E enquanto o país continua a discutir penas suspensas, delações premiadas e “vícios processuais”, os verdadeiros criminosos brindam nos terraços de Lisboa, com vista para um Tejo, que já viu demasiadas absolvições e demasiado poucos remorsos.
Se algum dia, o caso Sócrates, chegar ao fim, o que, convenhamos, exigiria uma conjugação astral raríssima entre Marte, Capricórnio e o Tribunal Central a funcionar em tempo útil, talvez reste apenas uma pergunta a Barrabás, digna de ecoar entre as ruínas deste simulacro de justiça: "Se José Sócrates for absolvido de tudo, quem julga quem o julgou?"
Porque se há verdade que até os inimigos reconhecem, é que Sócrates, com todos os seus defeitos e excessos, tinha uma visão de desenvolvimento para Portugal. Gostava do progresso como outros gostam do poder, visceralmente. Acreditava no país com uma arrogância épica e talvez tenha sido isso o seu maior pecado, porque em terra de medíocres, a ambição é crime de lesa-rotina.
O país que o acusou e o partido que o rejeitou, é o mesmo que, antes dele, o aplaudia de pé enquanto os fundos europeus choviam e as autoestradas brotavam como ervas daninhas. A mesma gente que agora o aponta como símbolo da decadência nacional, é aquela que se deixou governar por mediocridades sem projecto, burocratas sem rasgo, e tecnocratas de PowerPoint.
E Barrabás, sentado na primeira fila deste teatro da moral, pergunta: "Se o julgamento terminar em nada, quem indemniza o país pelo desperdício de décadas de ódio, de manchetes, de histeria? Quem será julgado por transformar a justiça em arena política, por destruir reputações em nome da decência pública enquanto o Estado se afundava em compadrios?".
A ironia é cruel, porque talvez Sócrates tenha sido culpado de acreditar que podia transformar Portugal num país europeu antes de o ser, mas o sistema, esse velho vampiro institucional, tratou de o relembrar, que aqui não se mudam estruturas, apenas nomes nas placas.
O verdadeiro crime de Sócrates, se existiu, não foi a corrupção, mas a ousadia. A ousadia de pensar grande num país pequeno, de querer acelerar um motor que há séculos trabalha em ponto morto, mas a vingança do sistema foi exemplar, arrastá-lo até à exaustão, até que o povo confundisse a demora com justiça e o descrédito com equilíbrio.
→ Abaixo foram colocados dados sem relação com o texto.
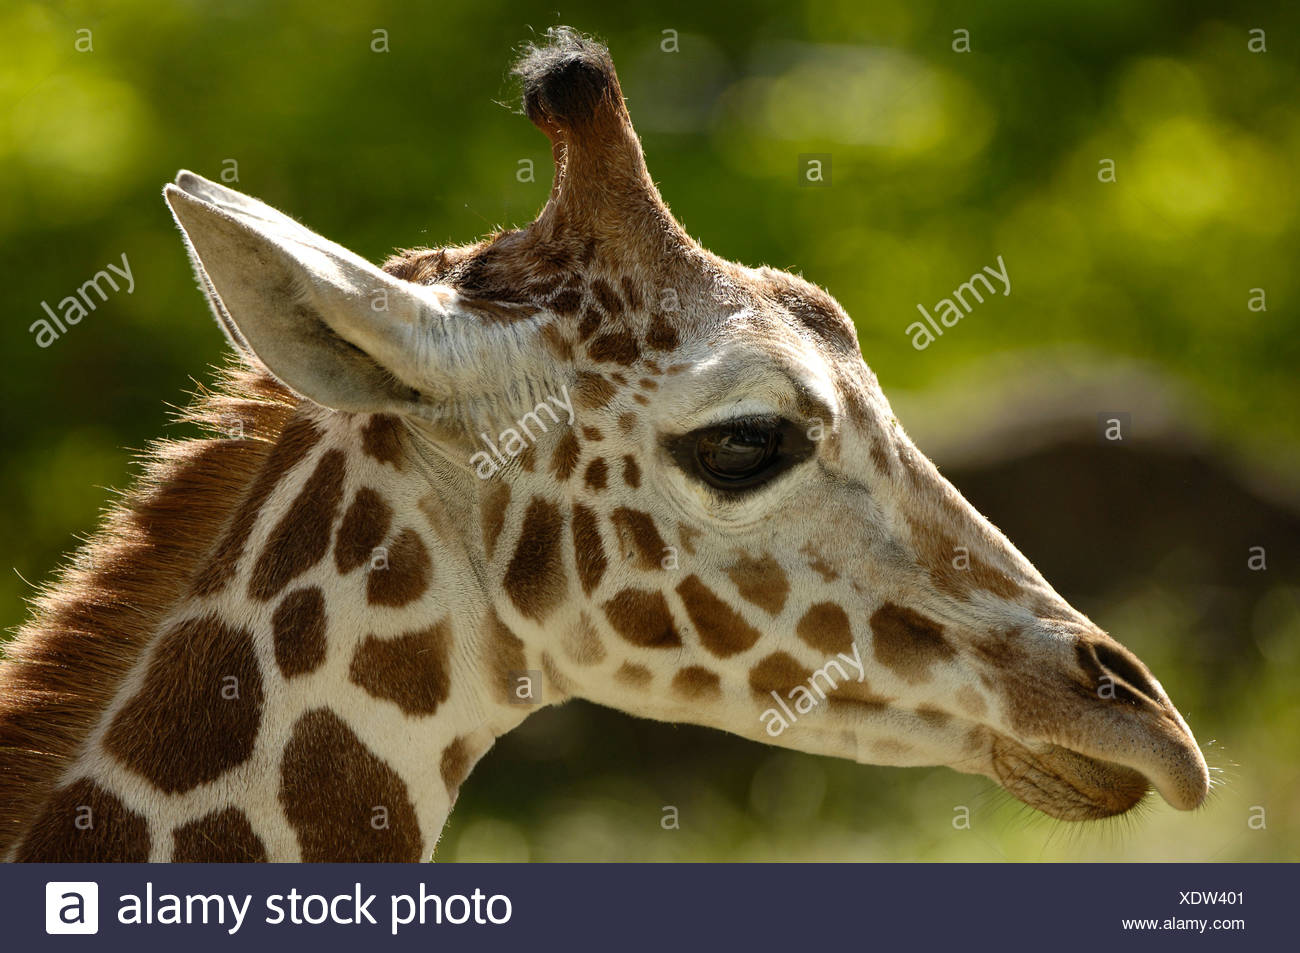 Ou somaliens giraffe réticulée (Giraffa camelopardalis reticulata) Banque D'Images

E assim, se um dia a sentença for absolvição ou, mais previsivelmente, prescrição, Barrabás estará lá, de charuto aceso e gargalhada amarga, para fazer a última pergunta que ninguém quer ouvir:
"E agora, quem paga a fatura?".
"Quem compensa o país por ter destruído o único político que, com todos os demónios e vaidades, ainda tinha um projecto de Nação? Quem responde pelo tempo perdido, pela política reduzida a espectáculo, pela justiça convertida em crucifixo mediático?".
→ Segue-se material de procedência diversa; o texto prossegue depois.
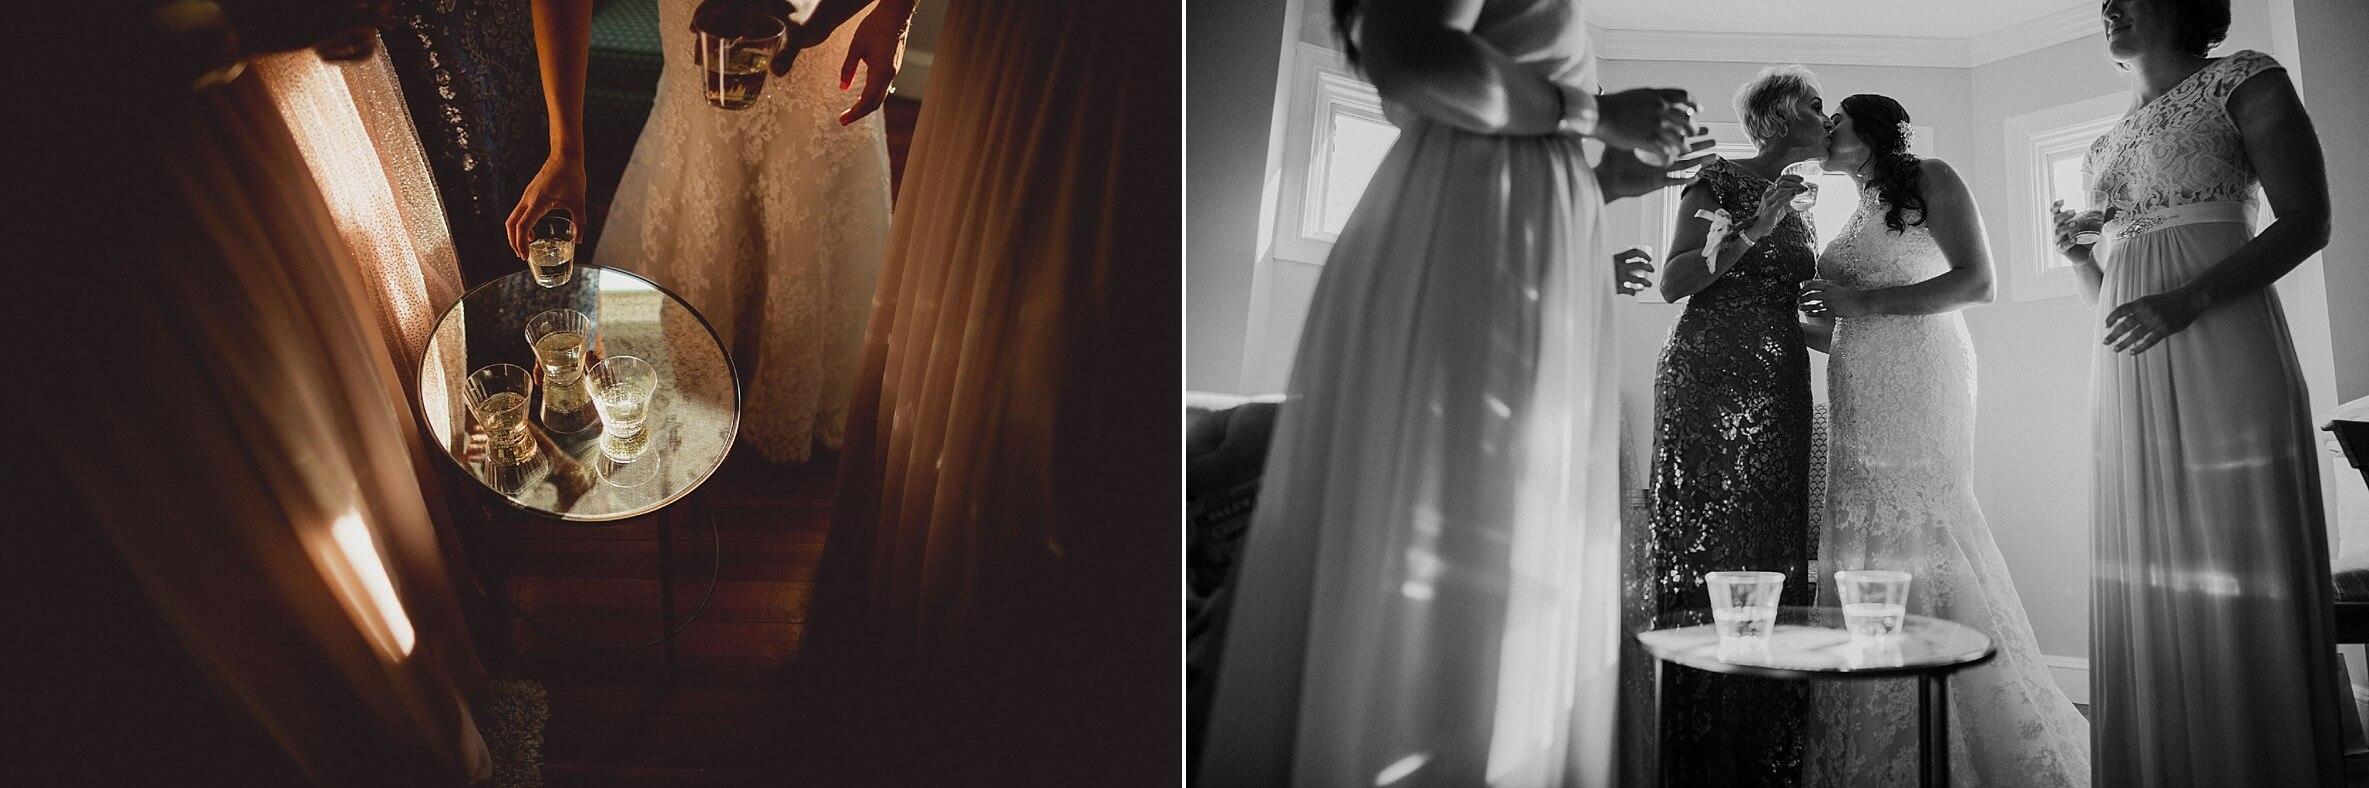 Hellenic Center Wedding-52.jpg

Barrabás levanta-se, cospe a cinza no chão e sentencia com o sarcasmo de quem já viu tudo e não se surpreende com nada:
"Talvez Sócrates não tenha sido o Messias, mas o país, esse, continua a ser o mesmo que crucifica quem ousa prometer ressurreição".
Barrabás, que por acaso conhece bem os corredores do poder e as celas da hipocrisia, ri-se com raiva e num tom de desespero lúcido, desses que sabem que já não há redenção possível. Ri-se como quem vê o diabo confessar-se ao padre e o padre pedir desculpa. Ri-se porque percebe que em Portugal, a justiça não é cega, é míope, selectiva e vendida em suaves prestações de silêncio. Ri-se, enfim, porque aprendeu que neste país o pecado é punido não pela gravidade do acto, mas pelo azar de quem o cometeu fora da confraria certa.
Chamam-lhe justiça, mas é apenas administração da esperança, porque em Portugal, a corrupção morre sempre de velhice antes de ser julgada.
E depois cospe para o chão, com a solenidade dos profetas cansados, e murmura, olhando para o horizonte coberto de prescrições e comunicados:
"Quando a Justiça se transforma num espectáculo de sombras, os inocentes tornam-se figurantes e os culpados passam a produtores executivos.
Portugal, o país onde o crime compensa e desde que o advogado saiba esperar, o palco continua montado, as togas engomadas, as câmaras apontadas, faltando apenas o letreiro luminoso à entrada dos tribunais:
“Bem-vindo ao Teatro Nacional da Justiça, hoje em cena: A República das Aparências.”